This notebook describes a simple case of finetuning. You can finetune either the `XLM-T` language model, or XLM-T sentiment, which has already been fine-tuned on sentiment analysis data, in 8 languages (this could be useful to do sentiment transfer learning on new languages).,

This notebook was modified from https://huggingface.co/transformers/custom_datasets.html

In [None]:
from transformers import AutoTokenizer
from transformers import AutoModelForSequenceClassification, Trainer, TrainingArguments
import torch

import numpy as np
from sklearn.metrics import classification_report

## Parameters

In [None]:
LR = 3e-5
EPOCHS = 5
BATCH_SIZE = 16
MODEL = "bert-base-multilingual-cased" # use this to finetune the language model
#MODEL = "cardiffnlp/twitter-xlm-roberta-base-sentiment" # use this to finetune the sentiment classifier
MAX_TRAINING_EXAMPLES = -1 # set this to -1 if you want to use the whole training set

## Data

We download the xml-t sentiment dataset (`UMSAB`) but you can use your own.
If you use the same files structures as [TweetEval](https://github.com/cardiffnlp/tweeteval) (`train_text.txt`, `train_labels.txt`, `val_text.txt`, `...`), you do not need to change anything in the code.

---



In [None]:
# loading dataset for UMSAB's all 8 languages

files = """test_labels.txt
test_text.txt
train_labels.txt
train_text.txt
val_labels.txt
val_text.txt""".split('\n')

#for f in files:
#  p = f"https://raw.githubusercontent.com/jessicajhassibi/Bachelor-Thesis/main/notebooks/datasets/{f}"
#  !wget $p

--2022-11-25 15:27:01--  https://raw.githubusercontent.com/jessicajhassibi/Bachelor-Thesis/main/notebooks/datasets/test_labels.txt
Resolving raw.githubusercontent.com (raw.githubusercontent.com)... 185.199.108.133, 185.199.111.133, 185.199.109.133, ...
Connecting to raw.githubusercontent.com (raw.githubusercontent.com)|185.199.108.133|:443... connected.
HTTP request sent, awaiting response... 200 OK
Length: 137 [text/plain]
Saving to: ‘test_labels.txt’


2022-11-25 15:27:02 (7.12 MB/s) - ‘test_labels.txt’ saved [137/137]
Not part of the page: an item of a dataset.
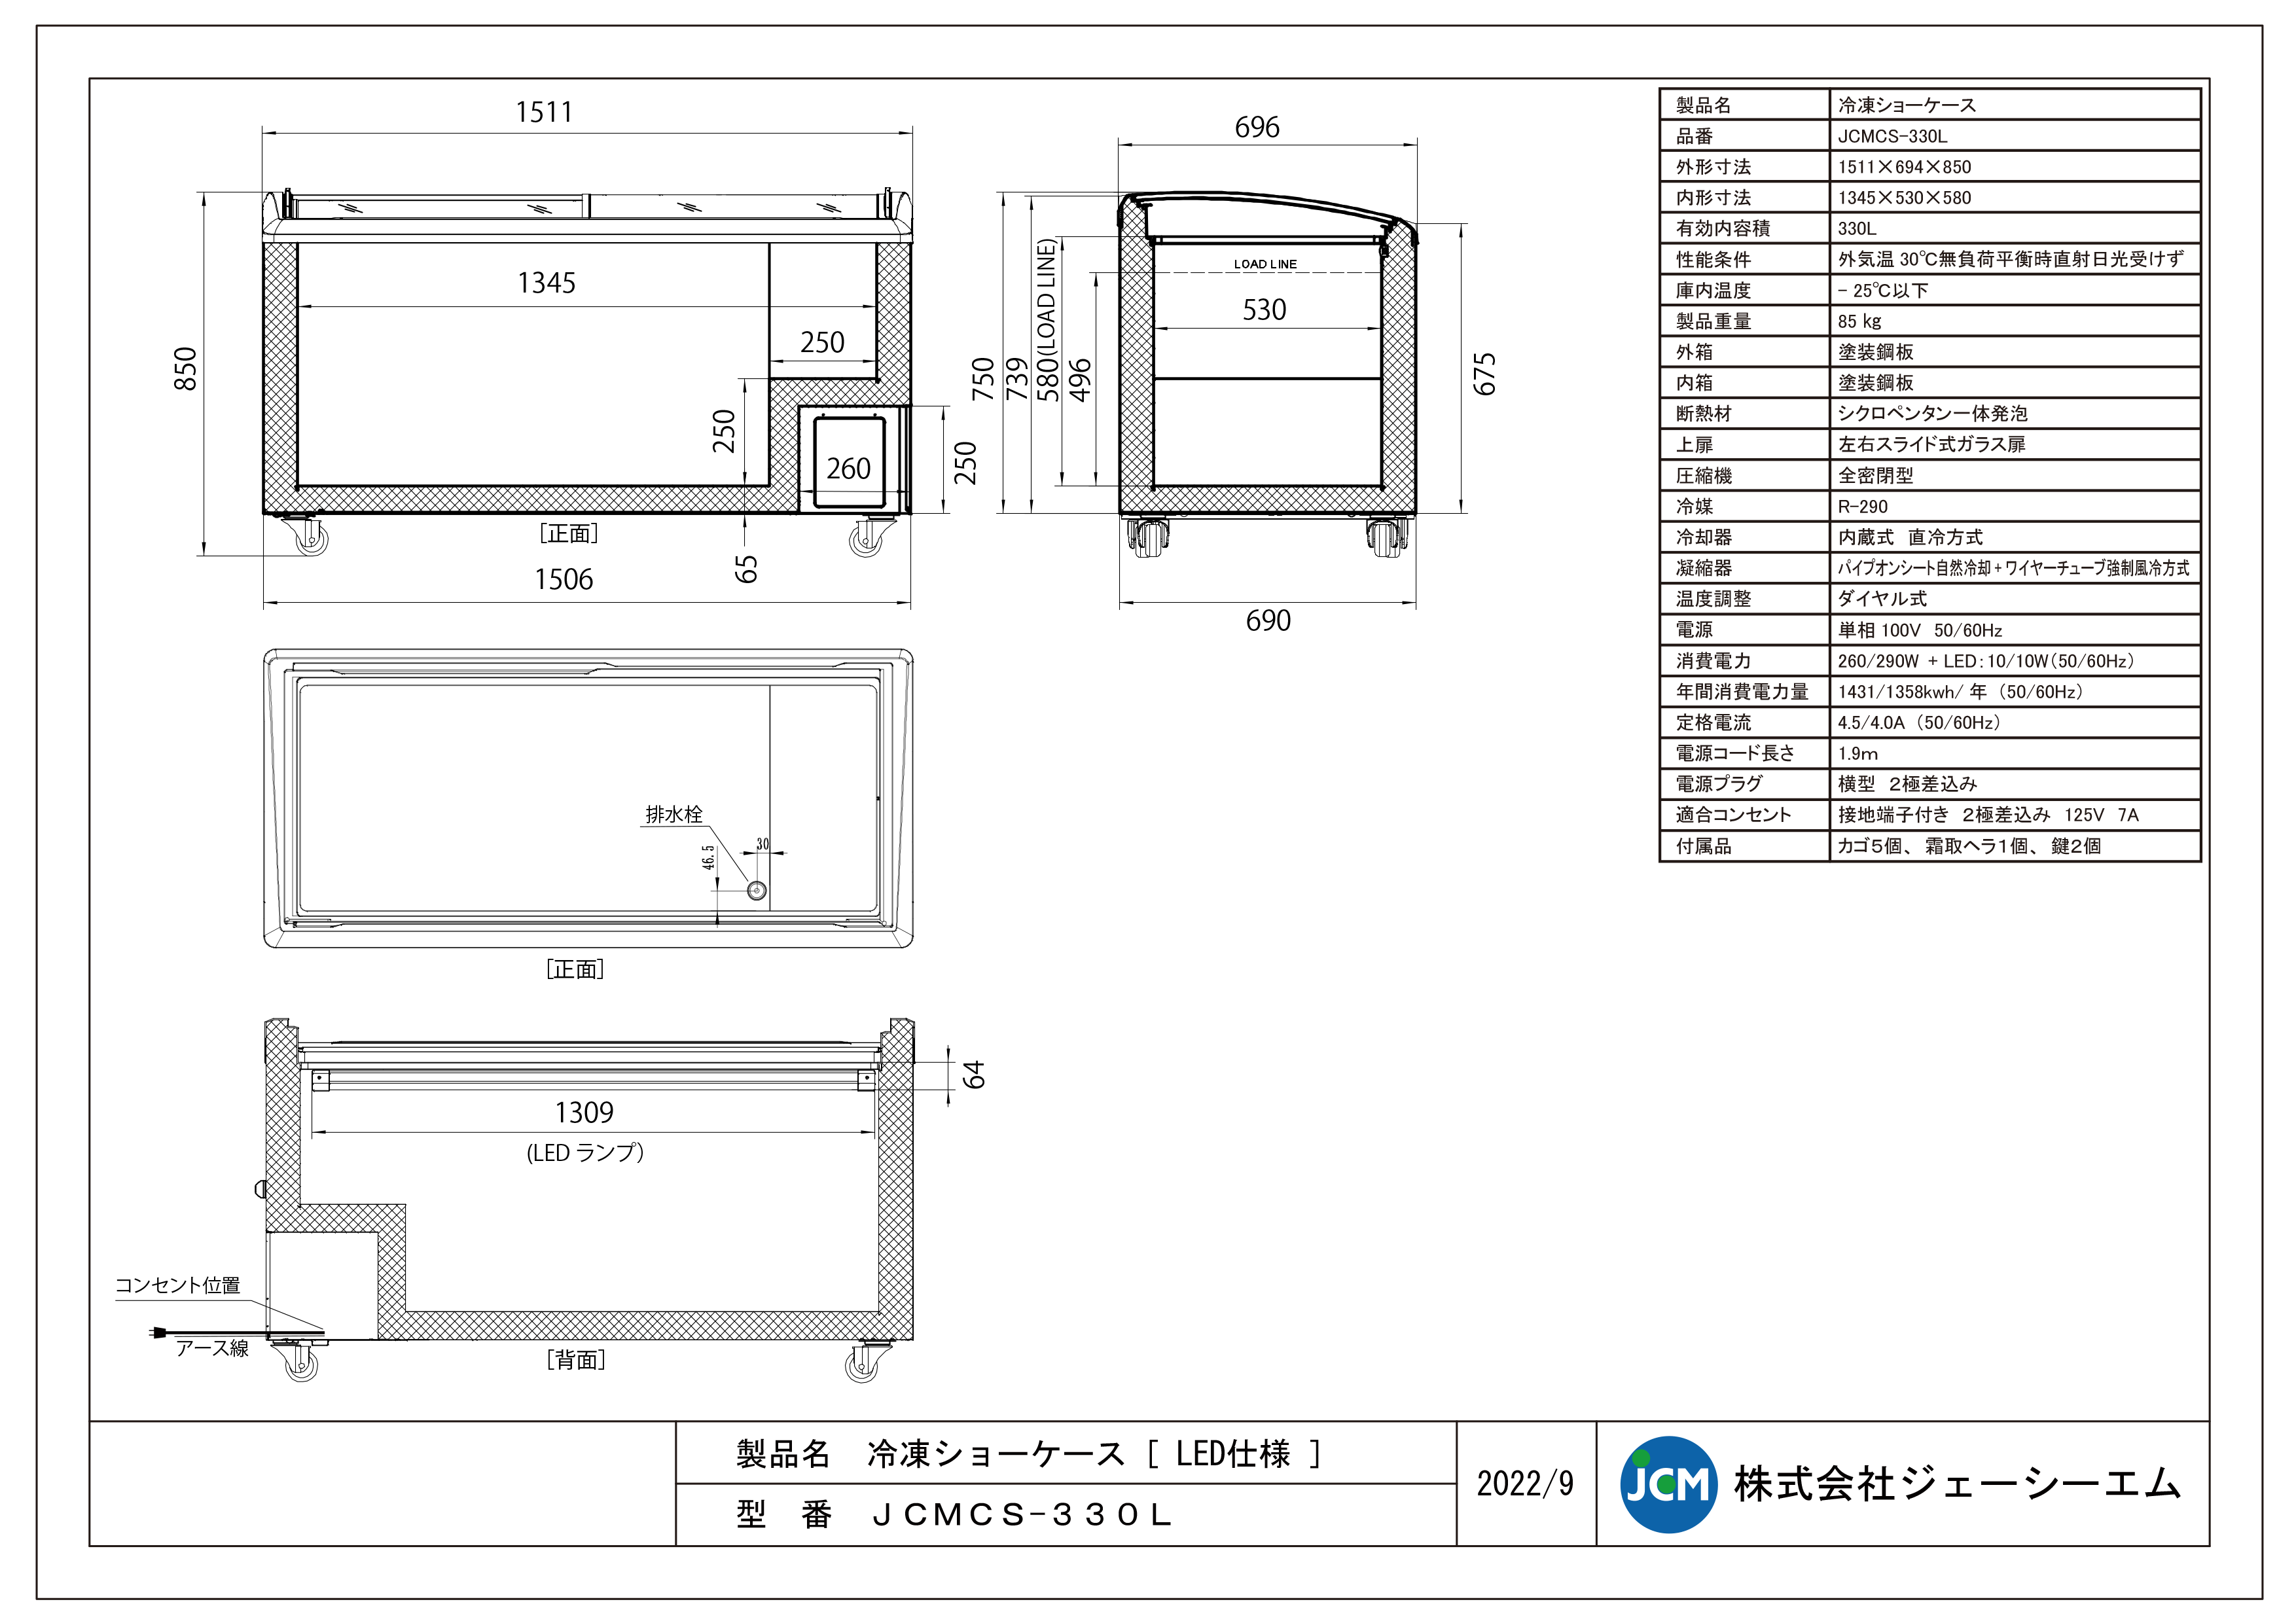 有限会社ユウキ / 【LED照明付】冷凍ショーケース『JCMCS-330L』

--2022-11-25 15:27:02--  https://raw.githubusercontent.com/jessicajhassibi/Bachelor-Thesis/main/notebooks/datasets/test_text.txt
Resolving raw.githubusercontent.com (raw.githubusercontent.com)... 185.199.108.133, 185.199.109.133, 185.199.110.133, ...
Connecting to raw.githubusercontent.com (raw.githubusercontent.com)|185.199.108.133|:443... connected.
HTTP request sent, awaiting response... 200 OK
Length: 191330 (187K) [text/plain]
Saving to: ‘test_text.txt’


2022-11

In [None]:
dataset_dict = {}
for i in ['train','val','test']:
  dataset_dict[i] = {}
  for j in ['text','labels']:
    dataset_dict[i][j] = open(f"{i}_{j}.txt").read().split('\n')
    if j == 'labels':
      dataset_dict[i][j] = [int(x) for x in dataset_dict[i][j]]

if MAX_TRAINING_EXAMPLES > 0:
  dataset_dict['train']['text']=dataset_dict['train']['text'][:MAX_TRAINING_EXAMPLES]
  dataset_dict['train']['labels']=dataset_dict['train']['labels'][:MAX_TRAINING_EXAMPLES]

In [None]:
tokenizer = AutoTokenizer.from_pretrained(MODEL, use_fast=True, max_length=512)
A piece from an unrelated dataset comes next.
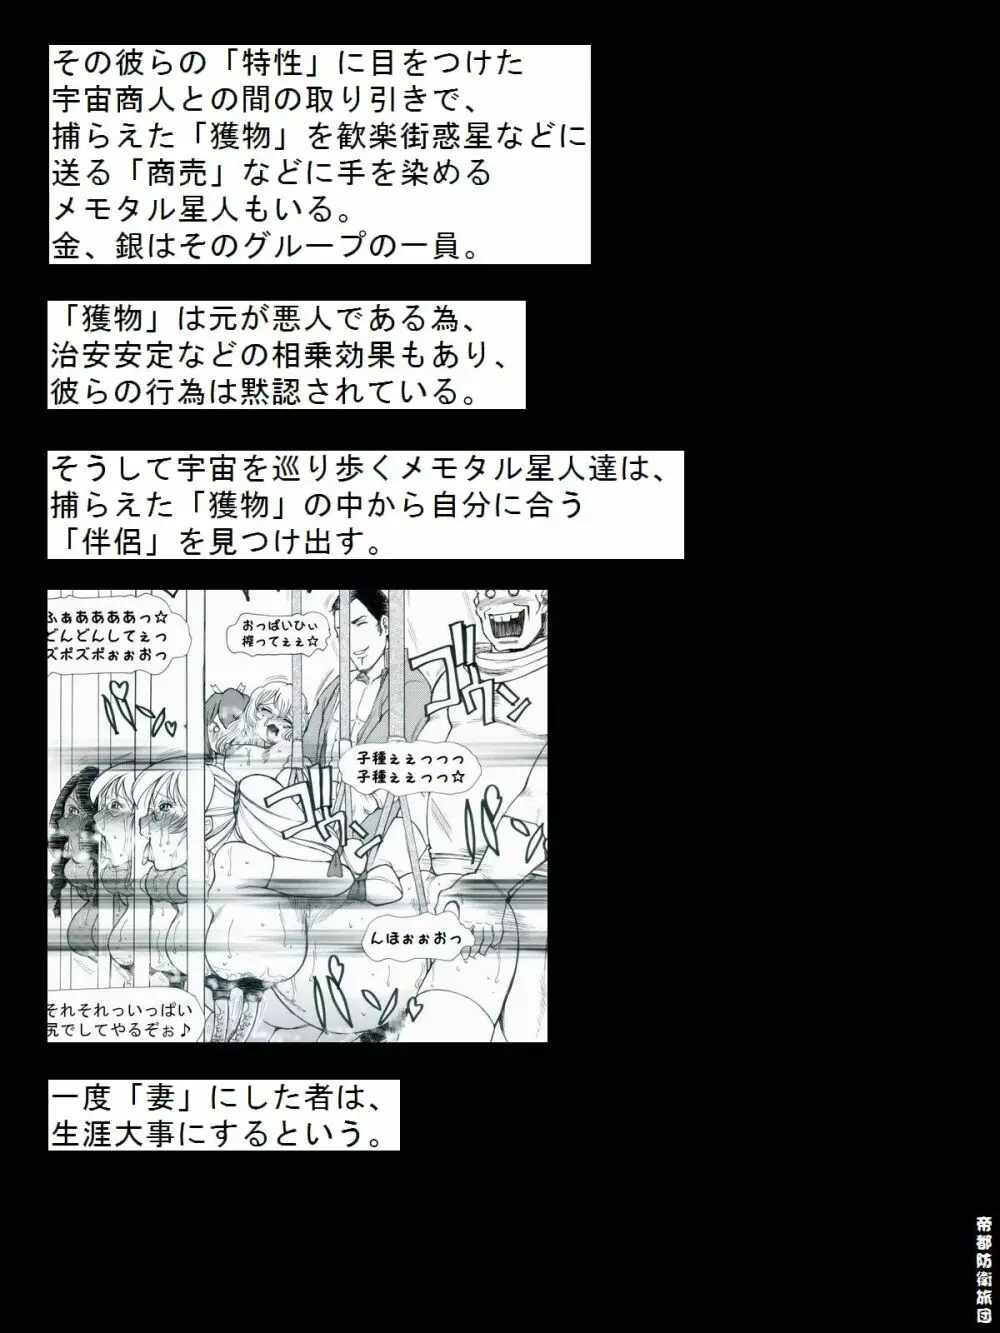 [帝都防衛旅団] RTKBOOK 9-3 「M○Xいぢり(3) 『PANPAN-MAN』」 29ページ

Downloading:   0%|          | 0.00/29.0 [00:00<?, ?B/s]

Downloading:   0%|          | 0.00/625 [00:00<?, ?B/s]

Downloading:   0%|          | 0.00/996k [00:00<?, ?B/s]
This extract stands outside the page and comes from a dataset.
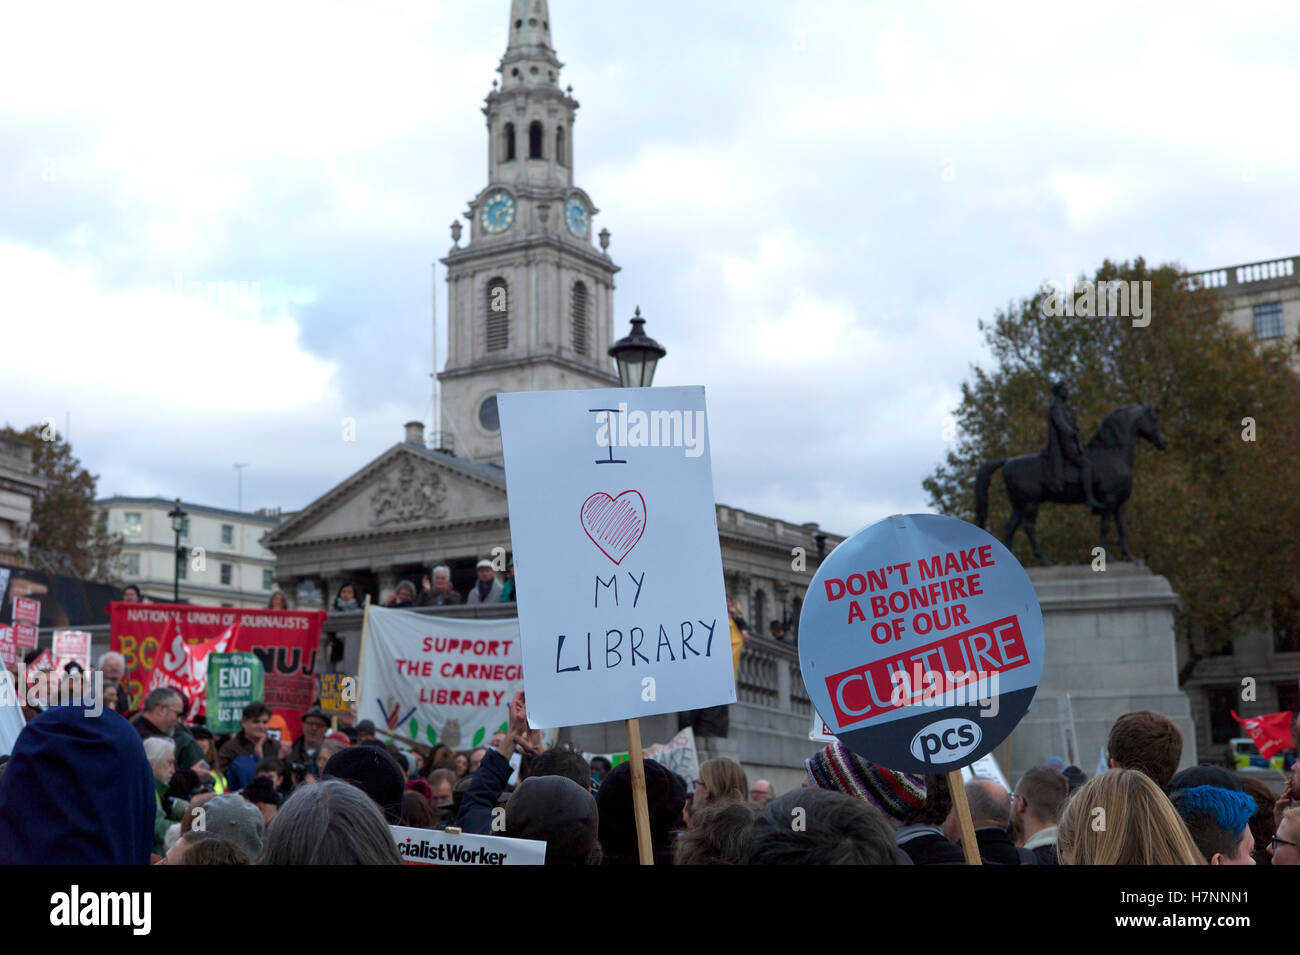 Speichern Sie unsere Bibliotheken-Demonstration am Trafalgar Square in London Stockfoto

Downloading:   0%|          | 0.00/1.96M [00:00<?, ?B/s]

In [None]:
train_encodings = tokenizer(dataset_dict['train']['text'], truncation=True, padding=True)
val_encodings = tokenizer(dataset_dict['val']['text'], truncation=True, padding=True)
test_encodings = tokenizer(dataset_dict['test']['text'], truncation=True, padding=True)

In [None]:
class MyDataset(torch.utils.data.Dataset):
    def __init__(self, encodings, labels):
        self.encodings = encodings
        self.labels = labels

    def __getitem__(self, idx):
        item = {key: torch.tensor(val[idx]) for key, val in self.encodings.items()}
        item['labels'] = torch.tensor(self.labels[idx])
        return item

    def __len__(self):
        return len(self.labels)

train_dataset = MyDataset(train_encodings, dataset_dict['train']['labels'])
val_dataset = MyDataset(val_encodings, dataset_dict['val']['labels'])
test_dataset = MyDataset(test_encodings, dataset_dict['test']['labels'])

## Fine-tuning

The steps above prepared the datasets in the way that the trainer is expected. Now all we need to do is create a model
to fine-tune, define the `TrainingArguments`/`TFTrainingArguments` and
instantiate a `Trainer`/`TFTrainer`.

In [None]:
training_args = TrainingArguments(
    output_dir='./results',                   # output directory
    num_train_epochs=EPOCHS,                  # total number of training epochs
    evaluation_strategy="epoch",
    logging_strategy="epoch",
    save_strategy="epoch",
    per_device_train_batch_size=BATCH_SIZE,   # batch size per device during training
    per_device_eval_batch_size=BATCH_SIZE,    # batch size for evaluation
    full_determinism=True,
    warmup_steps=100,                         # number of warmup steps for learning rate scheduler
    weight_decay=0.01,                        # strength of weight decay
    logging_dir='./logs',                     # directory for storing logs
    logging_steps=10,                         # when to print log
    load_best_model_at_end=True,              # load or not best model at the end
)

num_labels = len(set(dataset_dict["train"]["labels"]))
model = AutoModelForSequenceClassification.from_pretrained(MODEL, num_labels=num_labels)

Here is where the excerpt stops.